I've continued to run a screen for new 52 week lows on a daily basis. Commencing mid July 2015, I began screening on a weekly basis (using the Friday close), but as I got better at focusing my screening to weed out non-viable candidates (i.e., garbage), I figured that making the leap from weekly to nightly wouldn't be too difficult. And so far, it hasn't.

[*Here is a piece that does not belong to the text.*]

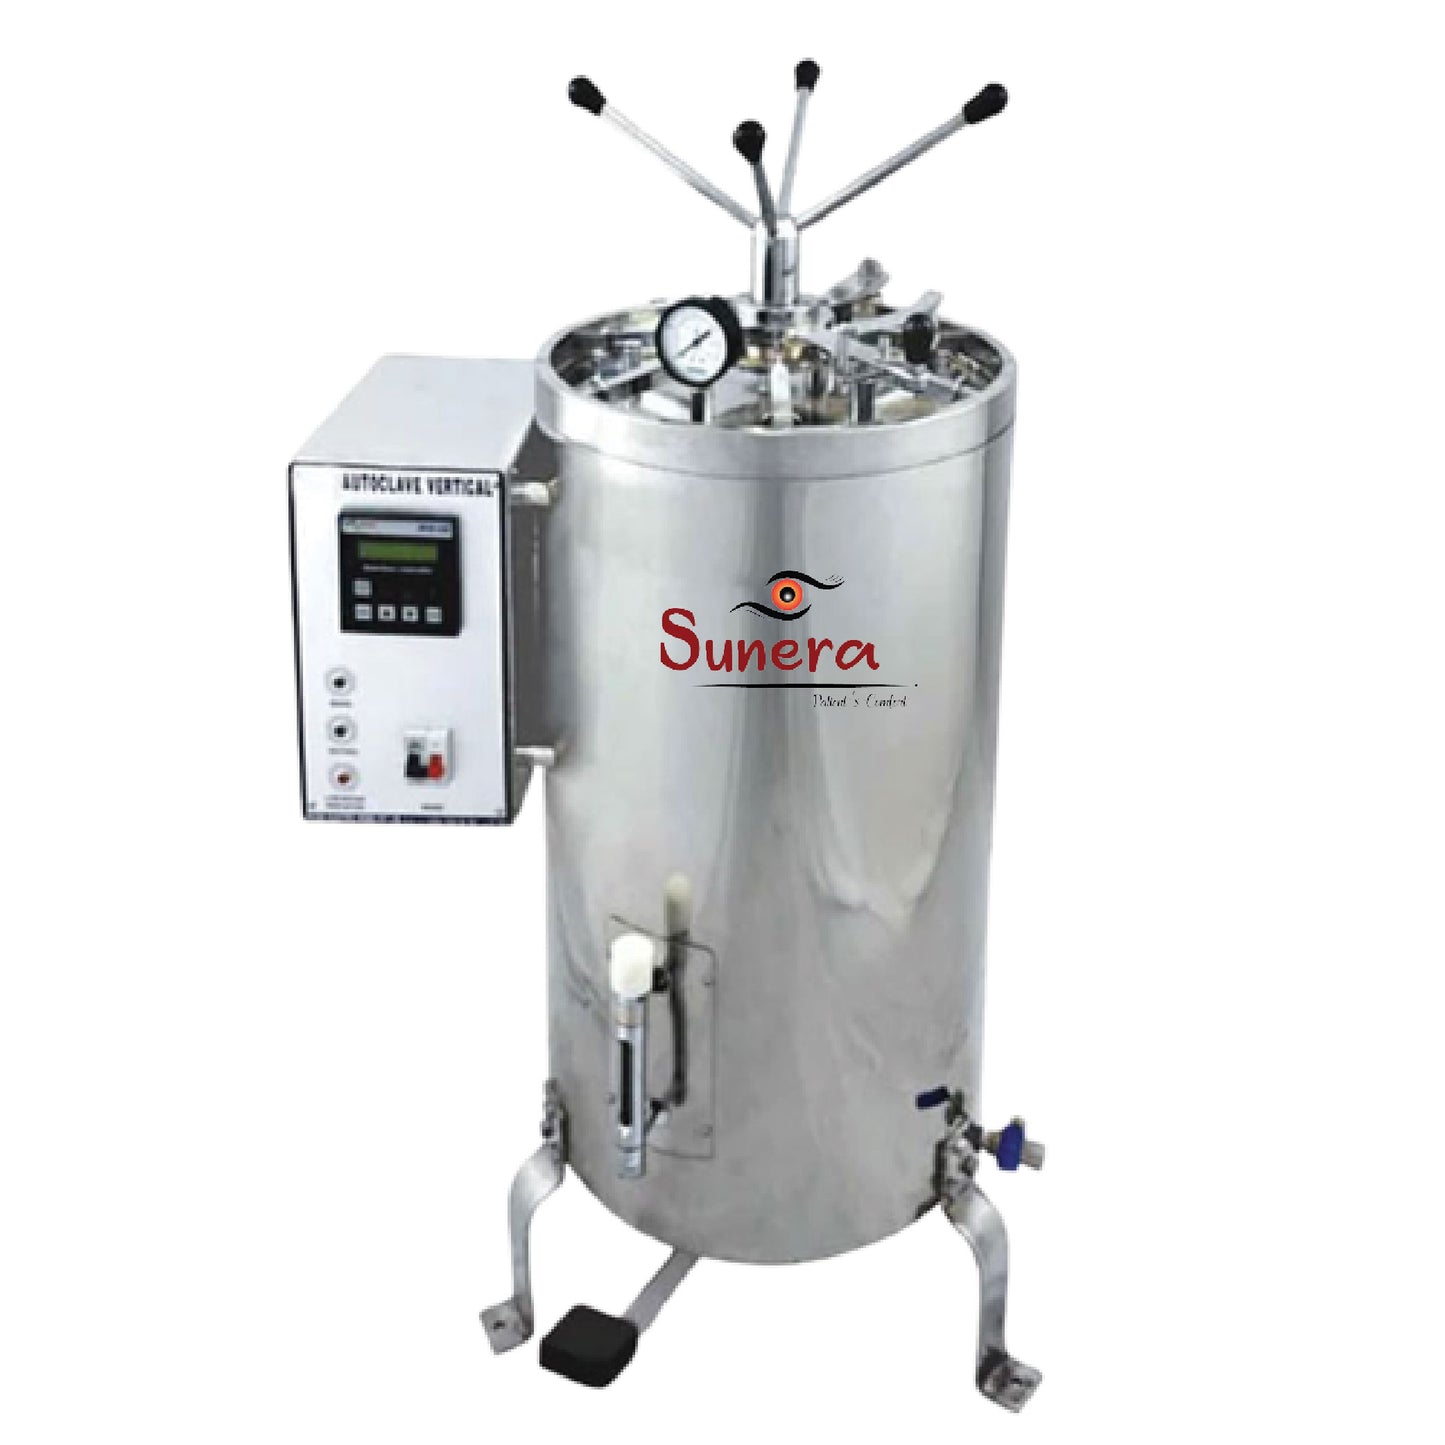 Fully Automatic Vertical High Pressure Steam Sterilizer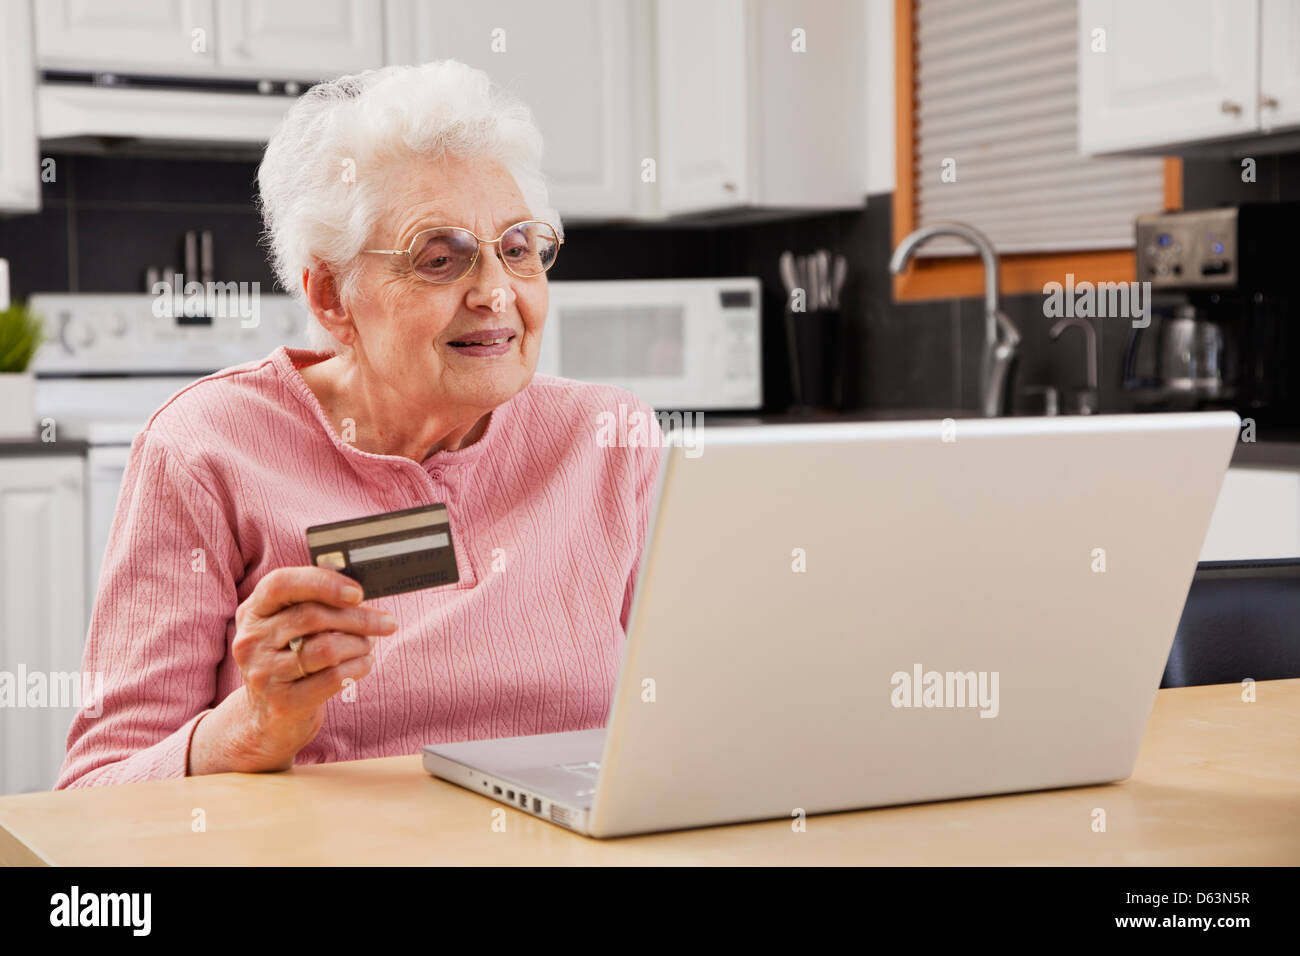 Senior woman shopping online Stock Photo

Here's what I've been looking for:
  1. Reasonable to (preferably) no leverage
  2. Sufficiently high pretax cap rate (EBIT / EV)

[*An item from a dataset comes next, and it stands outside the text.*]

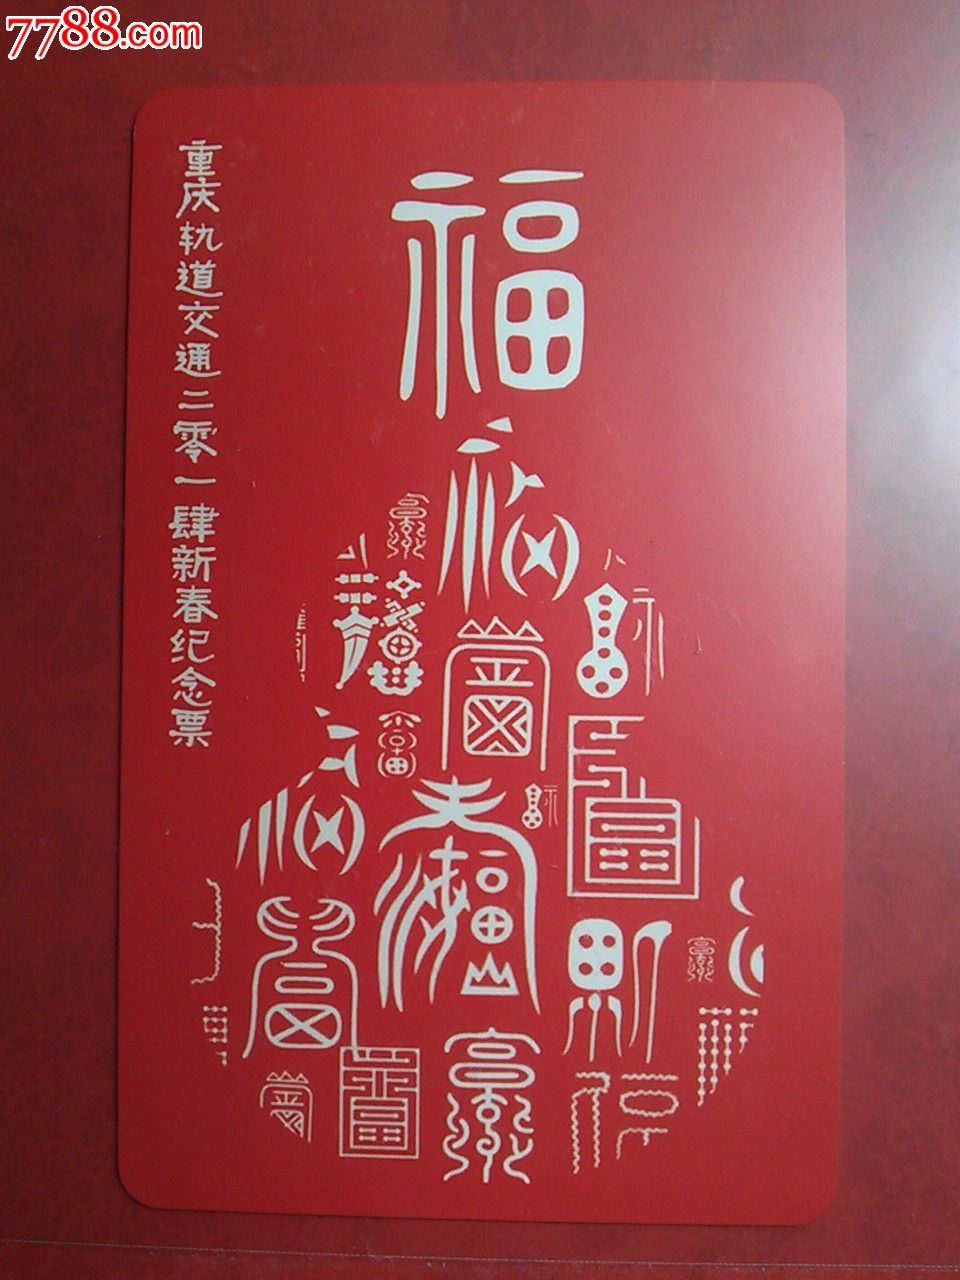 重庆轻轨纪念卡:甲午马年福1全【2014年新春

These two criteria become the starting point for additional research (I further stratify consideration by looking at a history of consistent ROIC, revenue growth, operating income, gross margins, and EBIT margins).

It hasn't been difficult weeding out the nonsense this way.  Despite the proliferation of 52 week lows on almost a daily basis, I've managed to focus my consideration on candidates that meet both the initial two considerations above, and a pretax cap rate in excess of 10%.  And guess what?  I'm not finding much in terms of cheap even despite the drop in the market over the last few months.

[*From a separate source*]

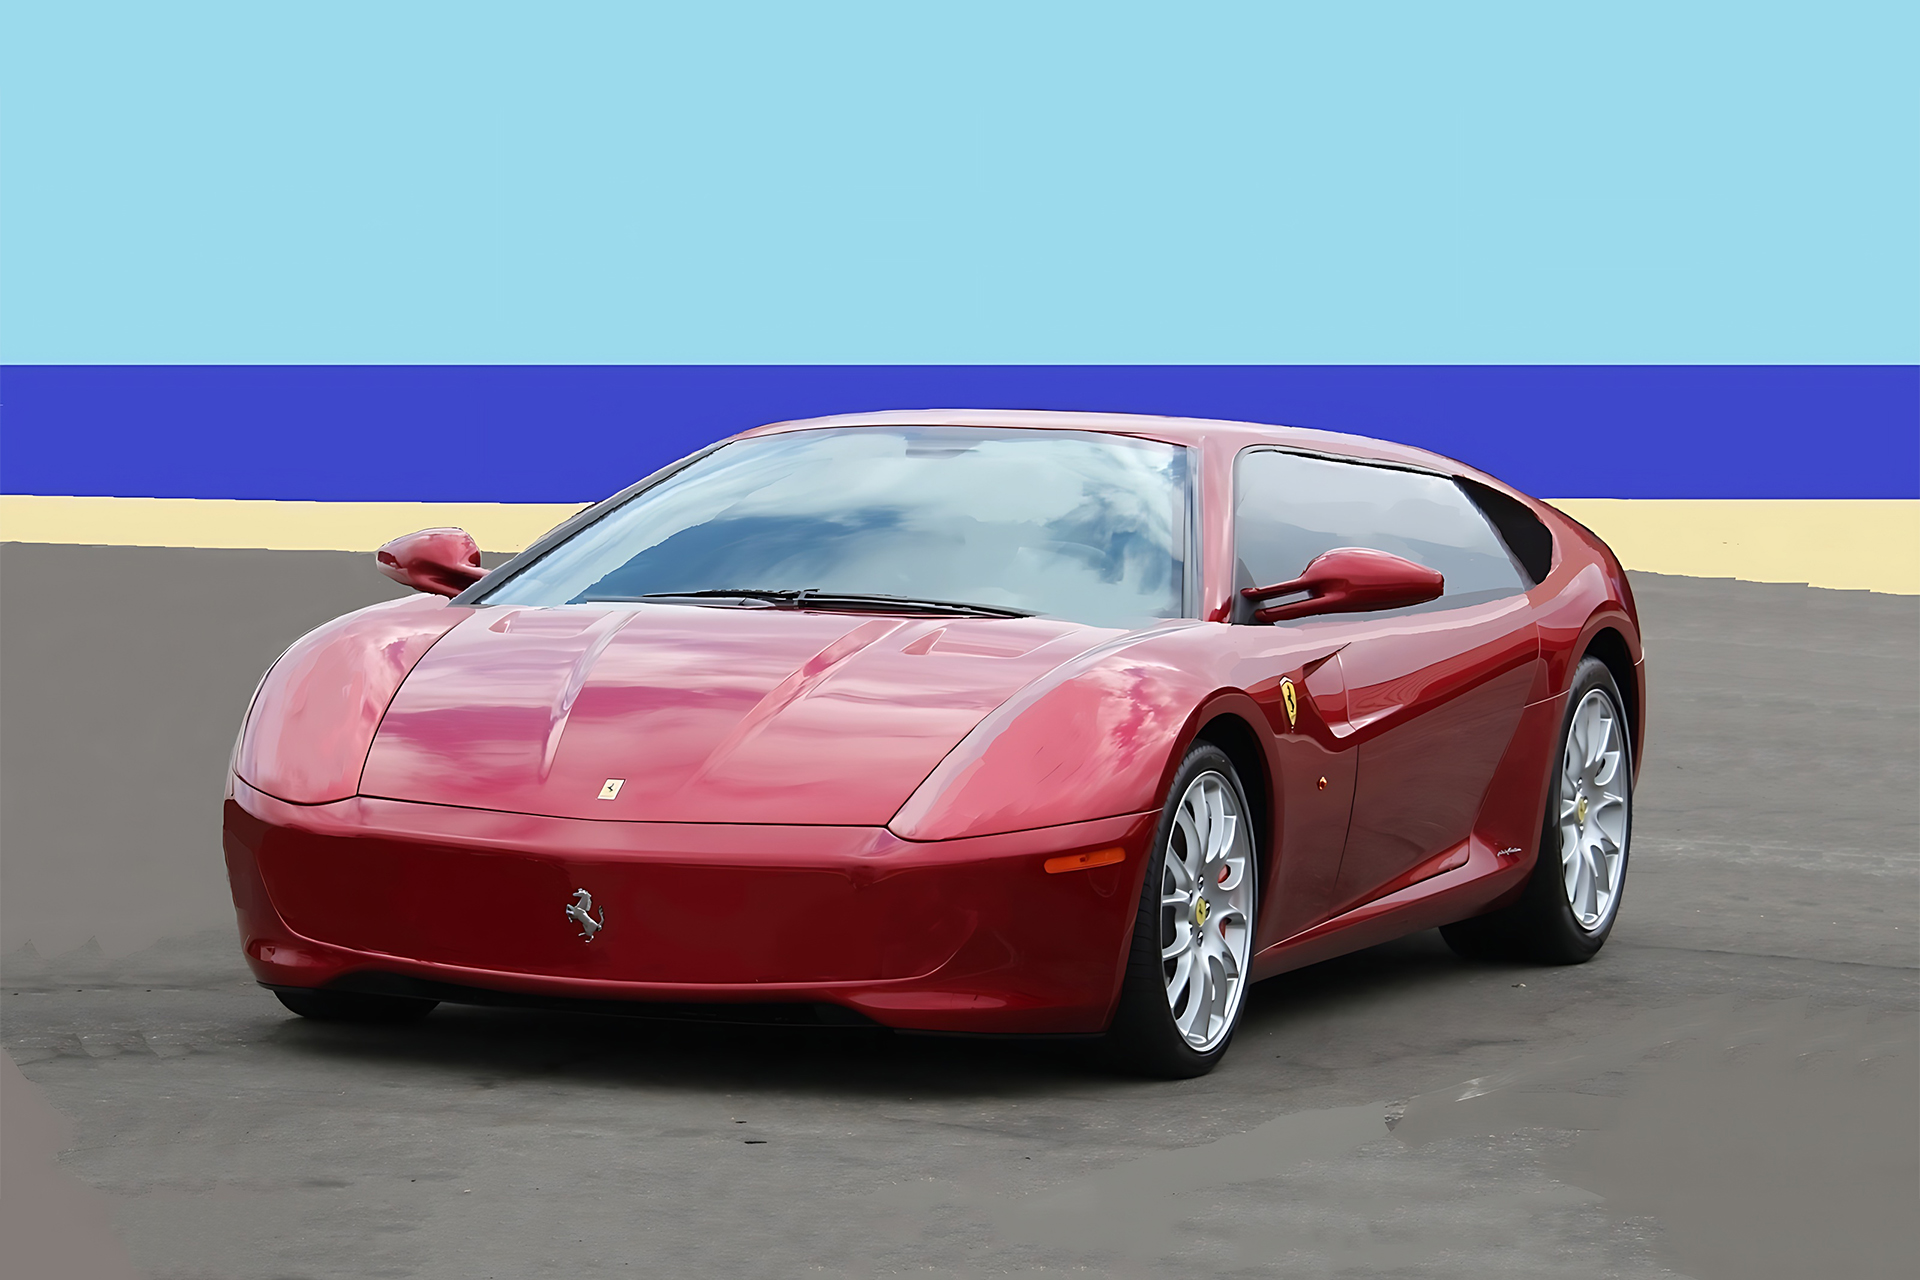 Ferrari vai lançar seu primeiro carro 100% elétrico com som digitalizado para substituir o ronco do motor a combustão

A few candidates keep showing up consistently in the Asset Management sector, and one of these candidates is Franklin Resources (BEN).

On initial screen, it has a pretax cap rate (rolling last 4Q EBIT / EV) close to 22%, and a very reasonable leverage profile (Mkt Cap of $23B, and EV of $14B, i.e., almost 40% of current market cap is cash and securities).  So I began researching it.

The first thing to note is that the Asset Management business is highly competitive and not without its challenges for "legacy" asset managers like Franklin Resources (think Fidelity).  The industry seems to be under pressure to compete with minimal management fee ETF companies like Blackrock or Vanguard. BEN's foothold in the industry of charging (and maintaining) high enough management fees sort of reminds me of American Express vs. Visa and/or Mastercard.

I think that overall, in order to compete with the likes of Blackrock or Vanguard, Franklin will be under pressure to shave management fees.

The next thing to note (and this is a subset of fees) is that Assets Under Management (AUM) are mobile.  There is no reason why investors won't pull AUM over time if they are convinced that they can improve their returns being doing it yourselfers, or in the face of prolonged weakness in the market.  Fidelity is therefore, highly dependent on strong equity markets, and competitive fee structure.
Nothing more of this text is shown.